Dans le cas d’une construction en bois, il est particulièrement important que les adjudicateurs publics respectent le principe de non-discrimination pour ce qui est des valeurs seuils, conformément à l’Accord sur les marchés publics (AMP) de l’OMC. Ils peuvent cependant toujours choisir librement le matériau de construction, sans exception. Ils ont ainsi la possibilité, dans une décision de principe, de fixer comme condition un mode de construction en bois. Lorsque l’échange de prestations et de contre-prestations relève de la même entité juridique, on parle de marché in-house. Ce type d’attribution qui n’est pas soumis au droit des marchés publics (art. 10, al. 3, LMP/AIMP) ne fait donc pas l’objet d’un appel d’offres, mais doit être défini par l’adjudicateur comme une condition à remplir dans le cadre de l’attribution.
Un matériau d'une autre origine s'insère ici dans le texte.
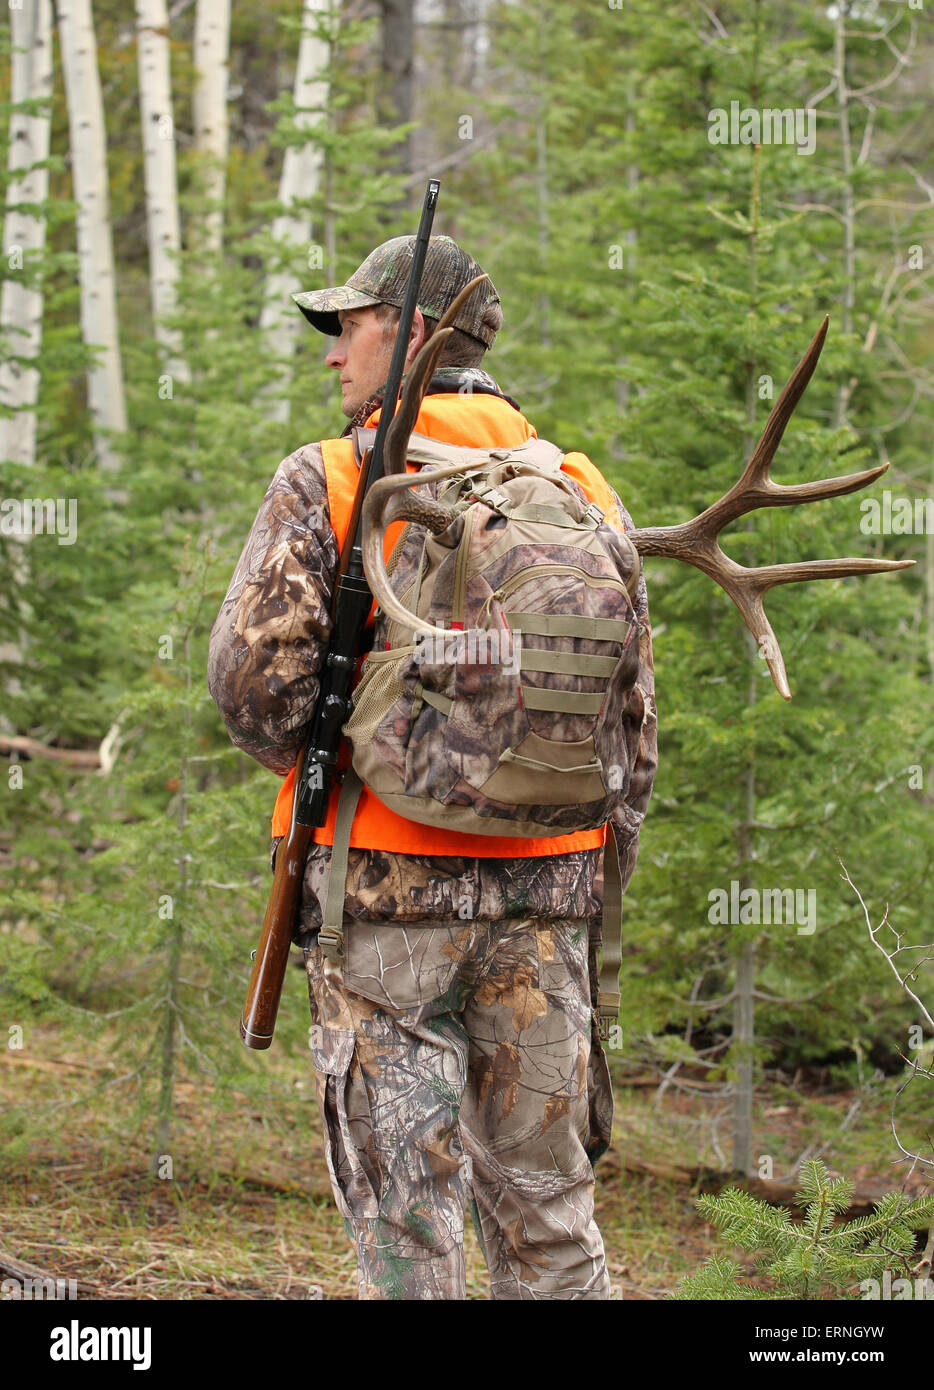 Carabine hunter réussie walking in woods Banque D'Images

Une commune construisant un bâtiment avec le bois de sa propre forêt remplit cette condition. Il en va de même pour l’achat par l’intermédiaire d’un prestataire contrôlé par les pouvoirs publics, qui n’est pas un acteur du marché et dont la commune fait partie (comme une entreprise forestière ou de transformation, ou un groupement à but déterminé).
Du bois issu de la région: un vecteur d’émotions
Outre le cadre juridique, des critères «subjectifs» pèsent en faveur de la décision de principe de construire avec du bois suisse. Dans le cas de l’école enfantine de Küttigen, l’un des facteurs déterminants était la volonté de renforcer la chaîne de valeur régionale. La construction en bois permet en effet d’atteindre cet objectif de manière exceptionnelle grâce à des trajets courts de transport des matériaux et à la collaboration avec des artisans locaux et régionaux. Nous verrons cet été si les habitants de Küttigen sont également favorables au choix du bois pour la nouvelle école: c’est en juin que l’assemblée communale prendra sa décision sur le dossier. Du côté de la commune, l’heure est à l’optimisme (prudent), aucune voix hostile au projet de construction ne s’étant fait entendre jusqu’ici au sein de la population.